• **What you need to do**:
Below are records with pictures. Transcribe exactly, and only, the lines from the line with "Godfather Coffee Syrup" to the line with "108 arriving at", both ends included, but not the pictures.

• **Data shown**:
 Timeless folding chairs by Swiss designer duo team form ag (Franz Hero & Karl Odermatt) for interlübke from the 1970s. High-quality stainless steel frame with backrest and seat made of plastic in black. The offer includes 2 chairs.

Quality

...

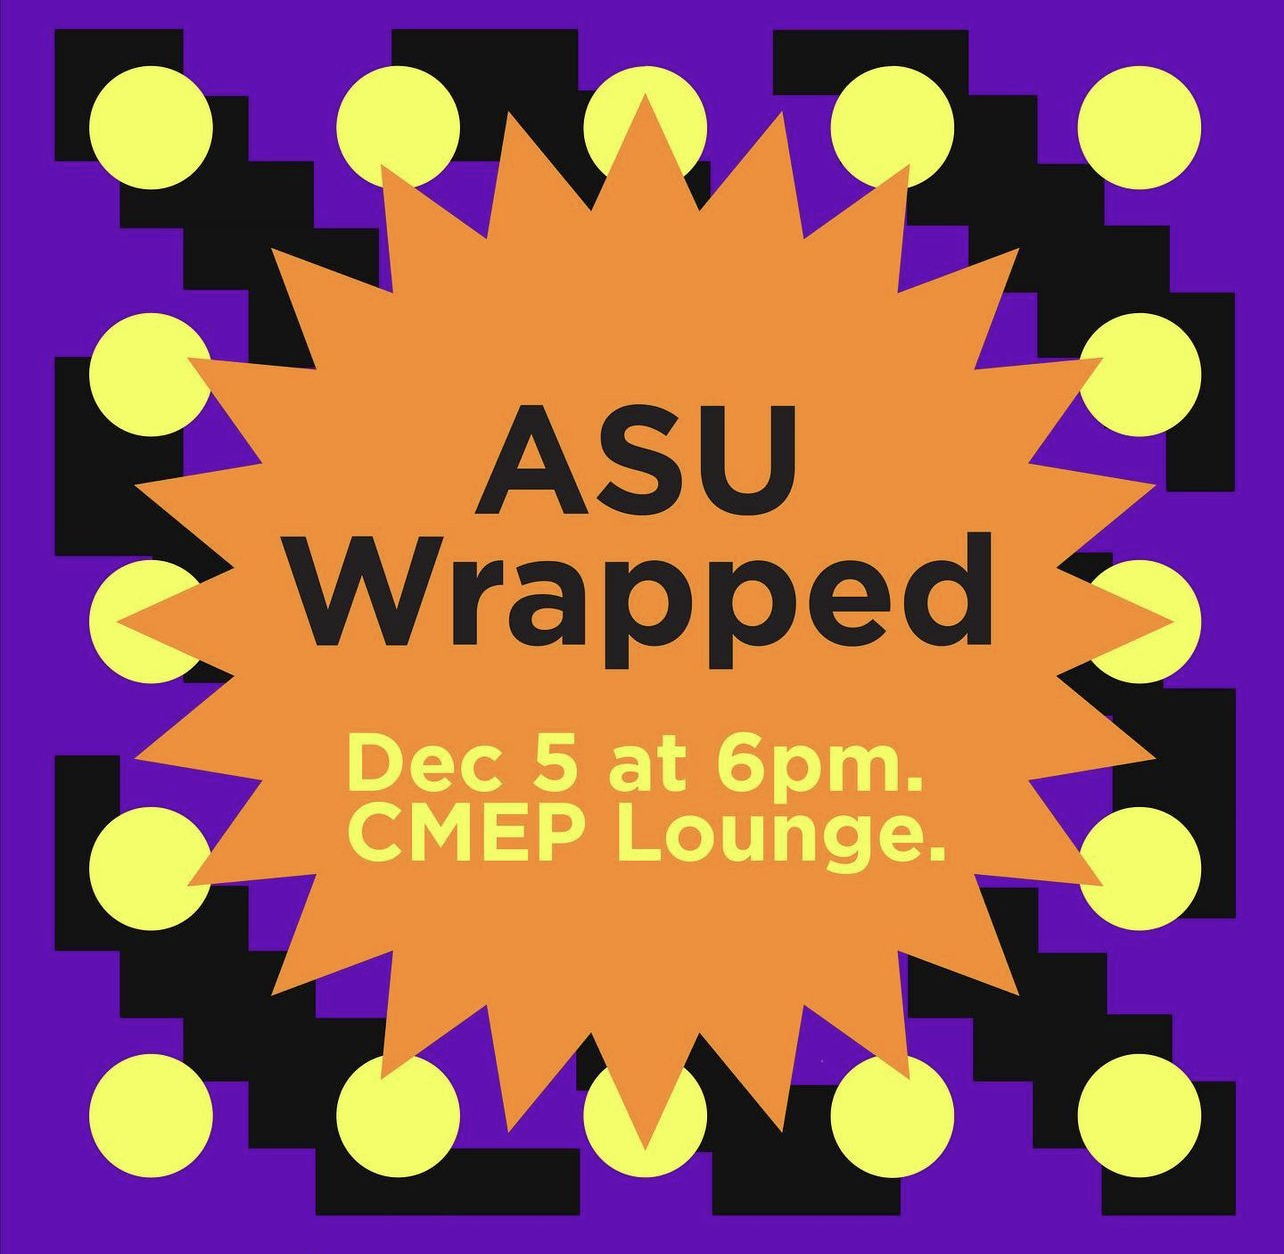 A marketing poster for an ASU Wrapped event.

==

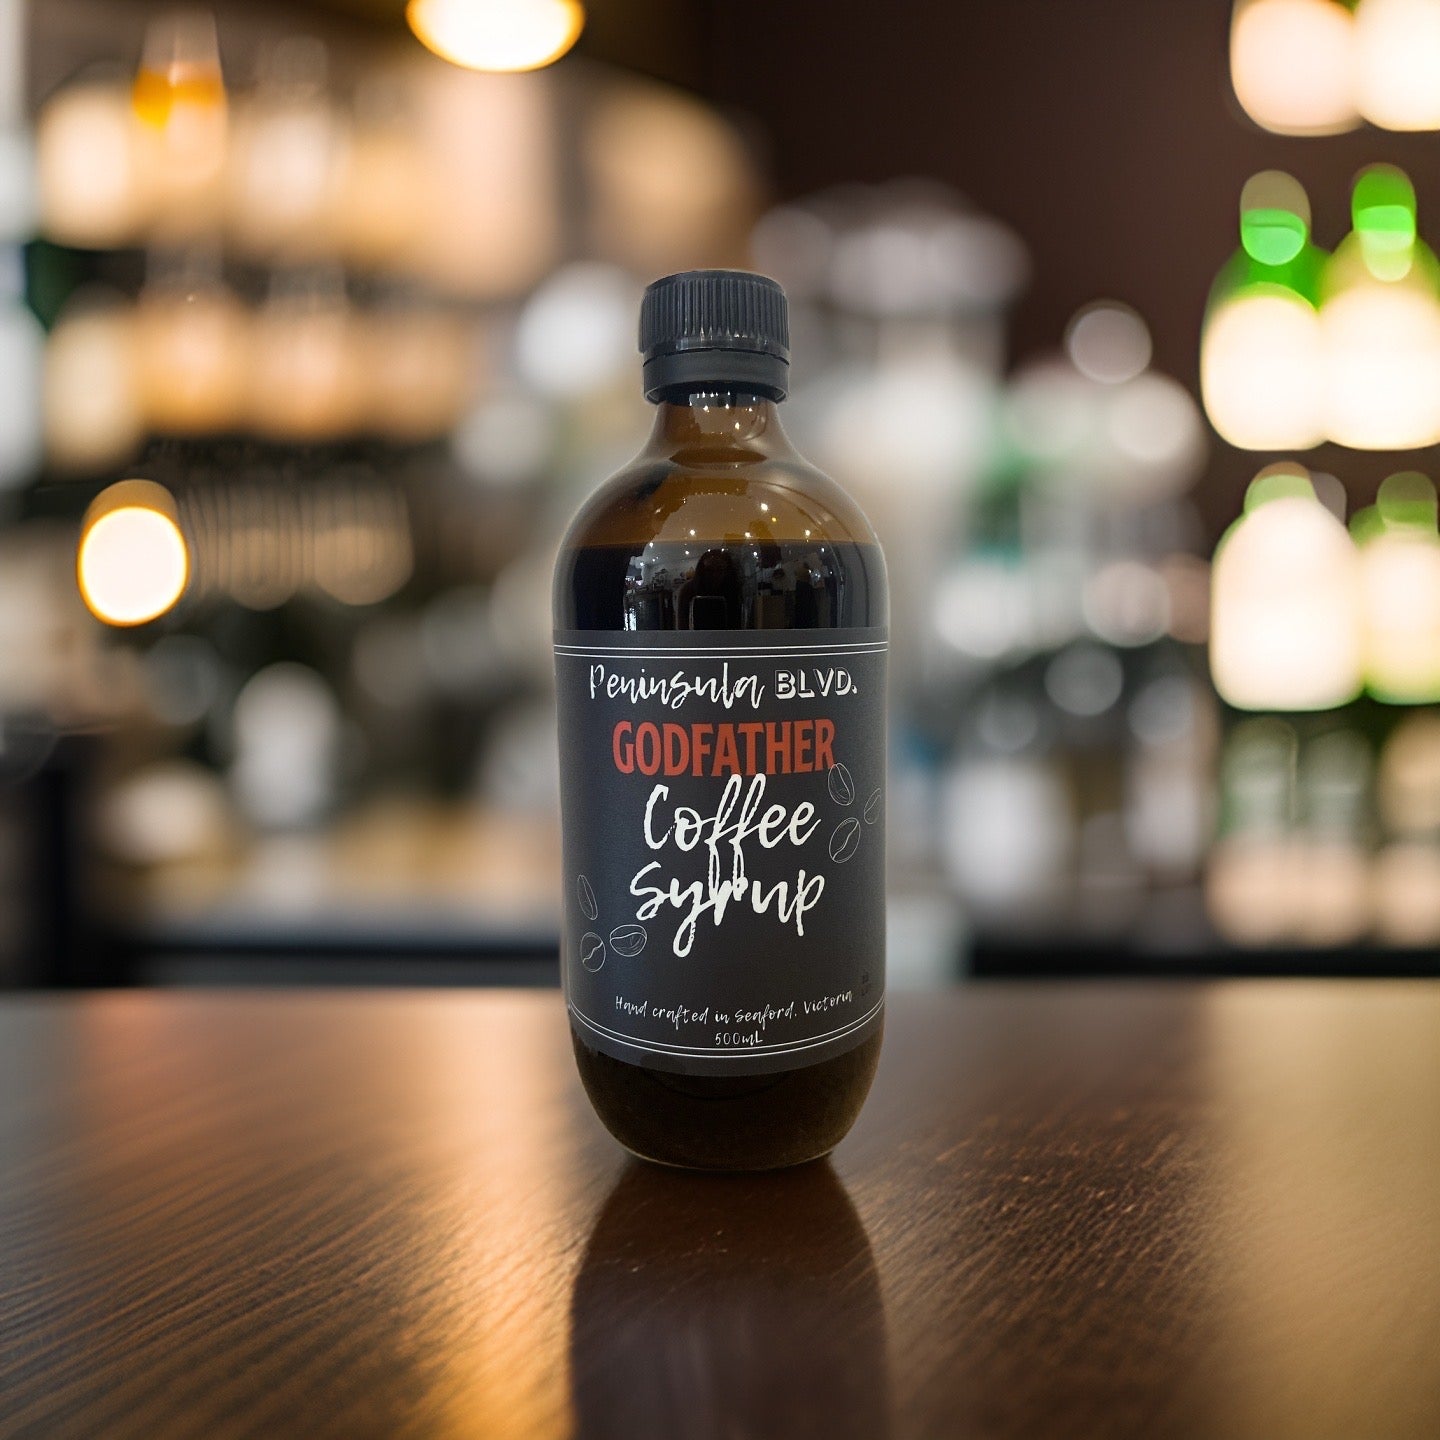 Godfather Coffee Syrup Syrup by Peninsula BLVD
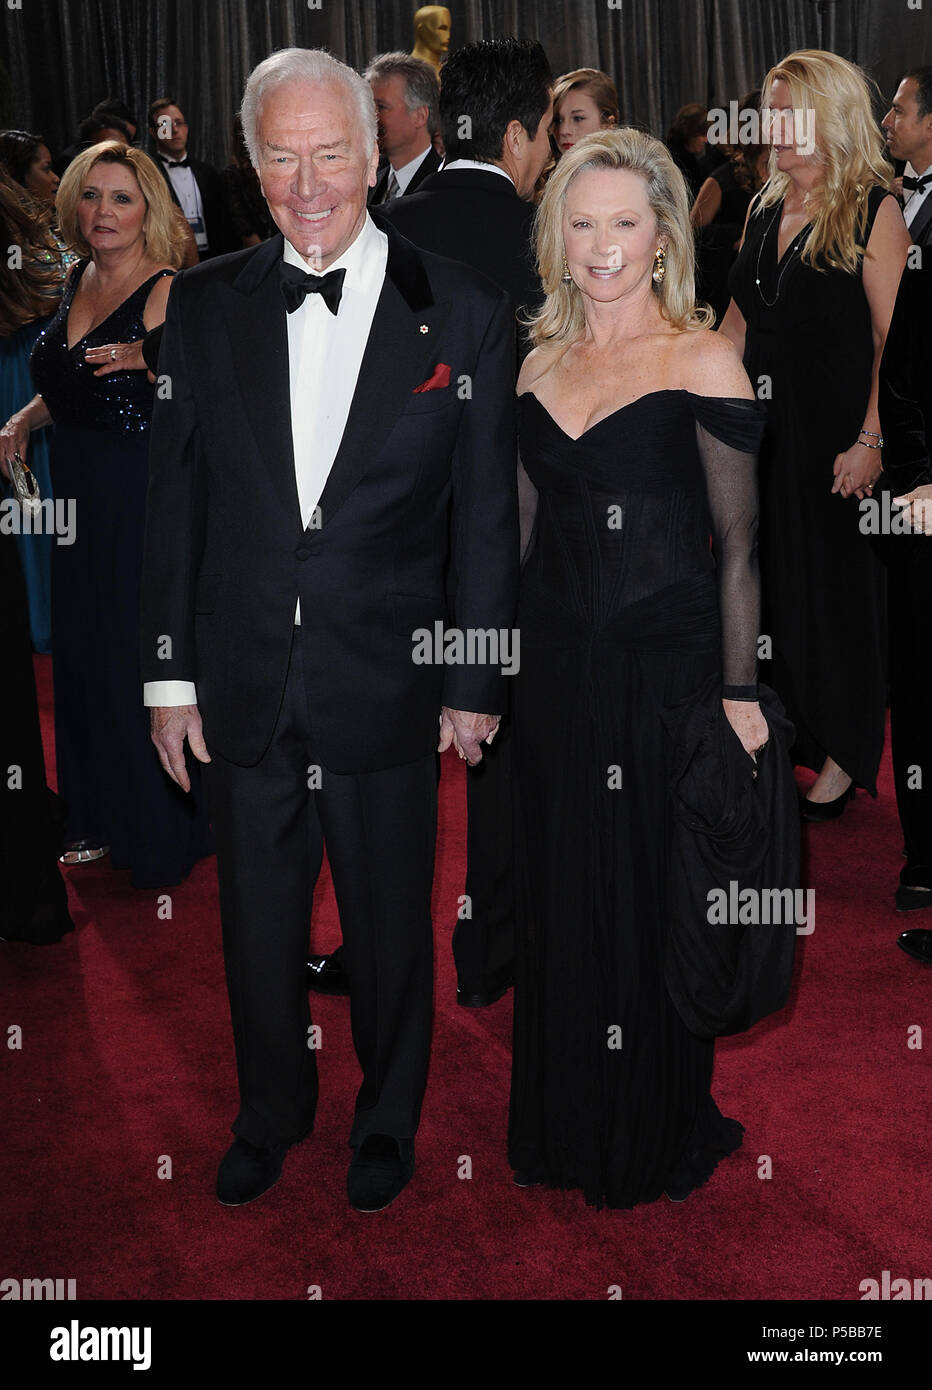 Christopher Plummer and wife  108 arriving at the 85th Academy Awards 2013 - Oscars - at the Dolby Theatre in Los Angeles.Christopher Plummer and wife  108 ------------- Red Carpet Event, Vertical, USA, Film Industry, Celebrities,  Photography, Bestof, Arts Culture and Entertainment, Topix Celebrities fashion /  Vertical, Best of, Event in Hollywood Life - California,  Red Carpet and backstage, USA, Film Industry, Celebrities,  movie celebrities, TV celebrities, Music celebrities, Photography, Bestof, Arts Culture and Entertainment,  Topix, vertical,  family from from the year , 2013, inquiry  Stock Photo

• **Result**:
 Godfather Coffee Syrup Syrup by Peninsula BLVD
 Christopher Plummer and wife  108 arriving at the 85th Academy Awards 2013 - Oscars - at the Dolby Theatre in Los Angeles.Christopher Plummer and wife  108 ------------- Red Carpet Event, Vertical, USA, Film Industry, Celebrities,  Photography, Bestof, Arts Culture and Entertainment, Topix Celebrities fashion /  Vertical, Best of, Event in Hollywood Life - California,  Red Carpet and backstage, USA, Film Industry, Celebrities,  movie celebrities, TV celebrities, Music celebrities, Photography, Bestof, Arts Culture and Entertainment,  Topix, vertical,  family from from the year , 2013, inquiry  Stock Photo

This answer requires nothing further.